◆ Work to be completed: Restate the lines word for word, from the one containing "- Permaculture Yarn Circle" through the last line of the entries below, without any other lines.

═════ Supplied entries

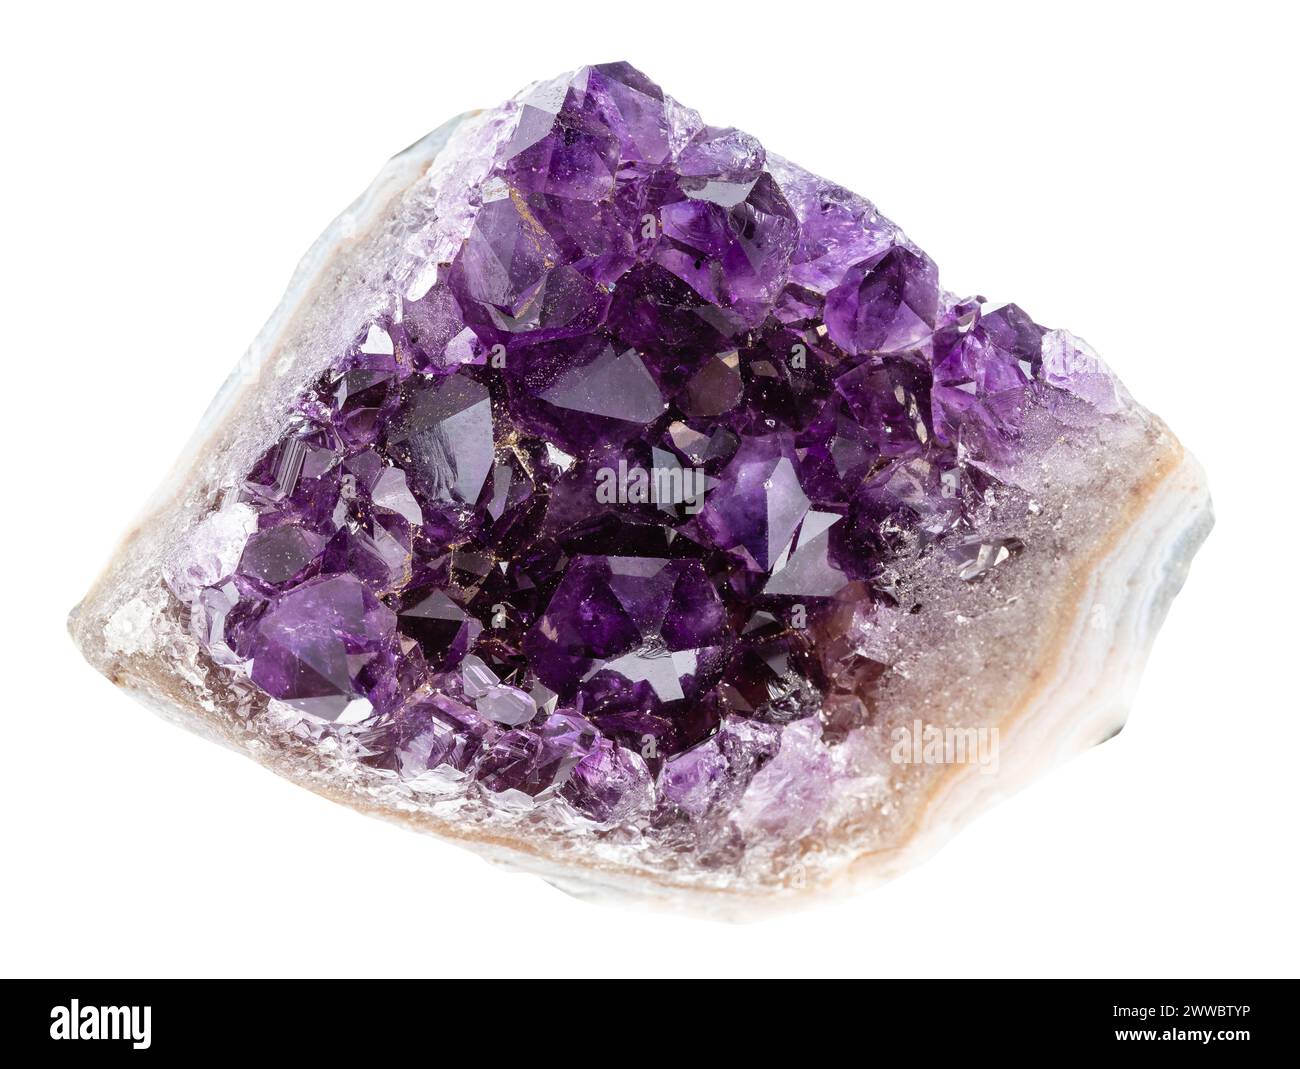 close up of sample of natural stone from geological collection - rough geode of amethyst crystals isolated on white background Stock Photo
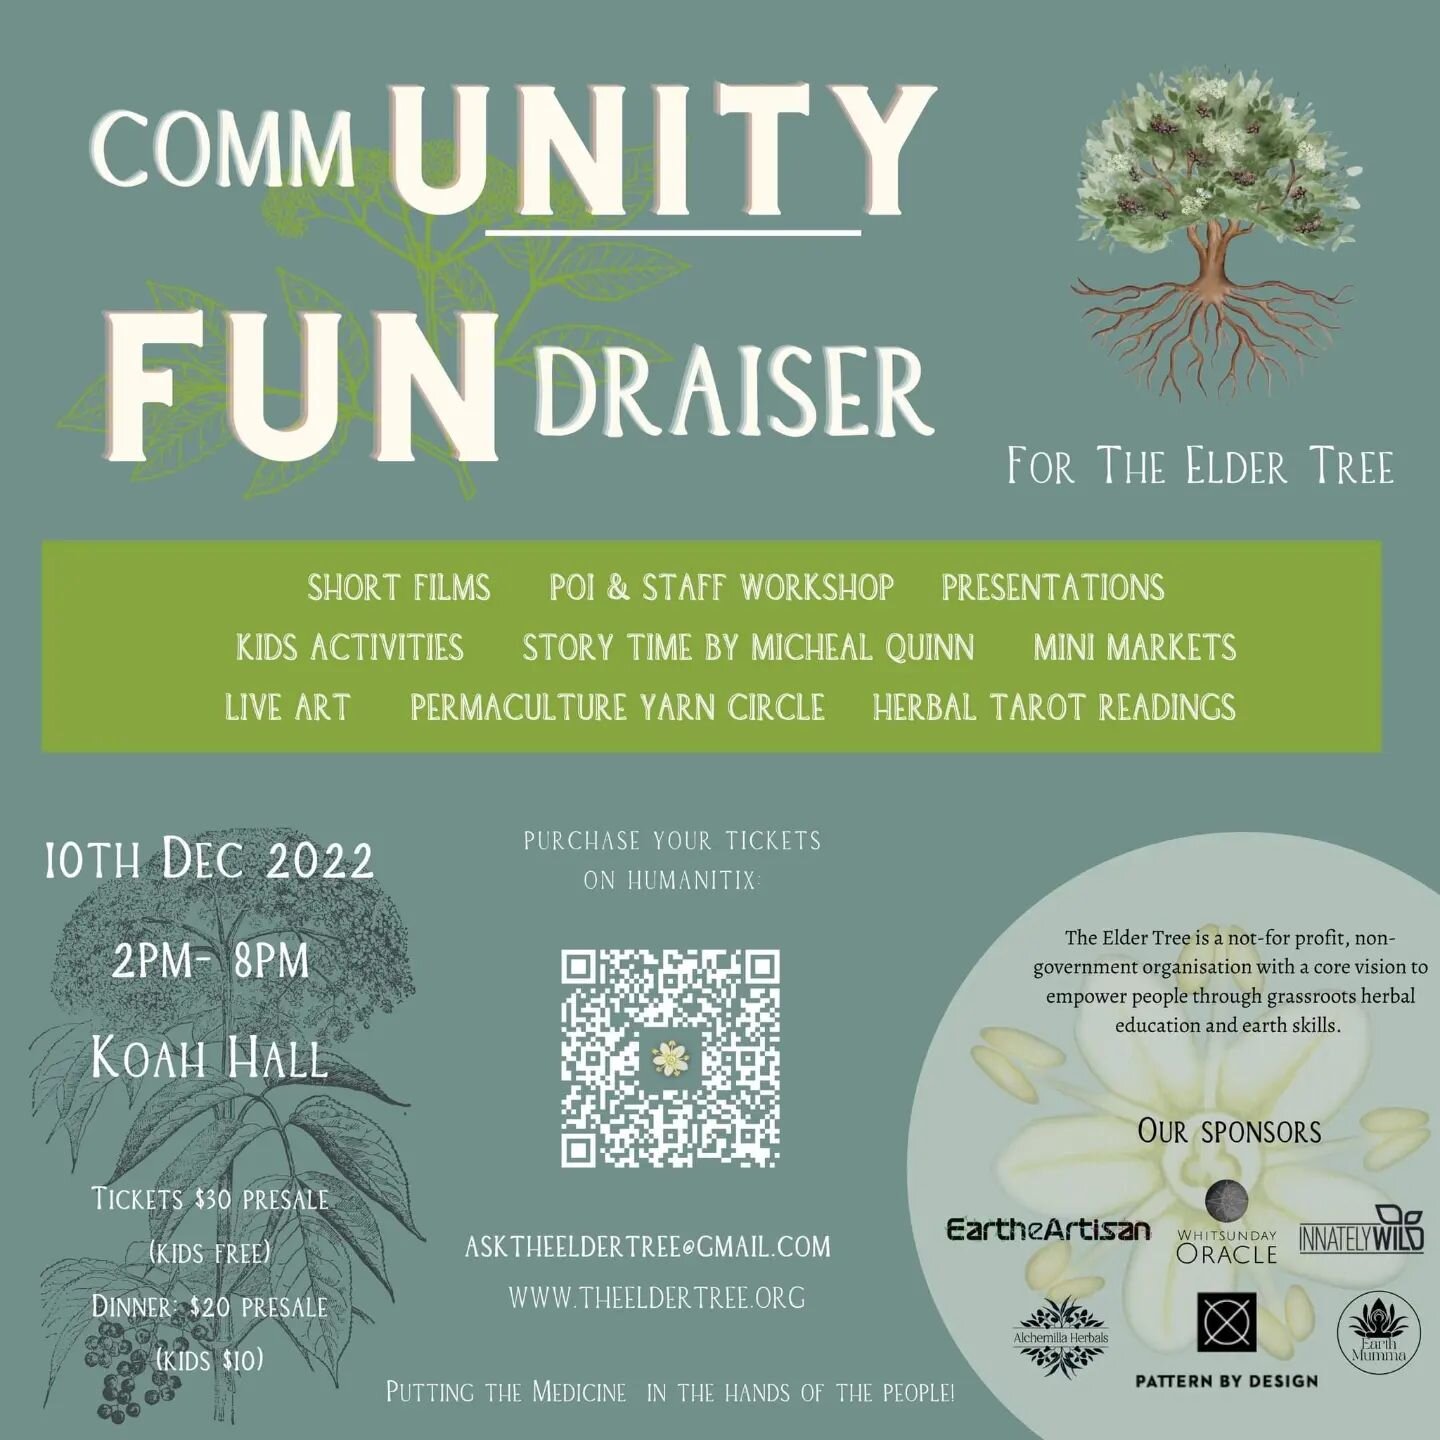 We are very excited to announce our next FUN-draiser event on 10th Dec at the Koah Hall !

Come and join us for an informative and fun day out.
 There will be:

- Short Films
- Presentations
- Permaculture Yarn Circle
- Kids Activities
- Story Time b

══════════

◆ Answer to the problem:
- Permaculture Yarn Circle
- Kids Activities
- Story Time b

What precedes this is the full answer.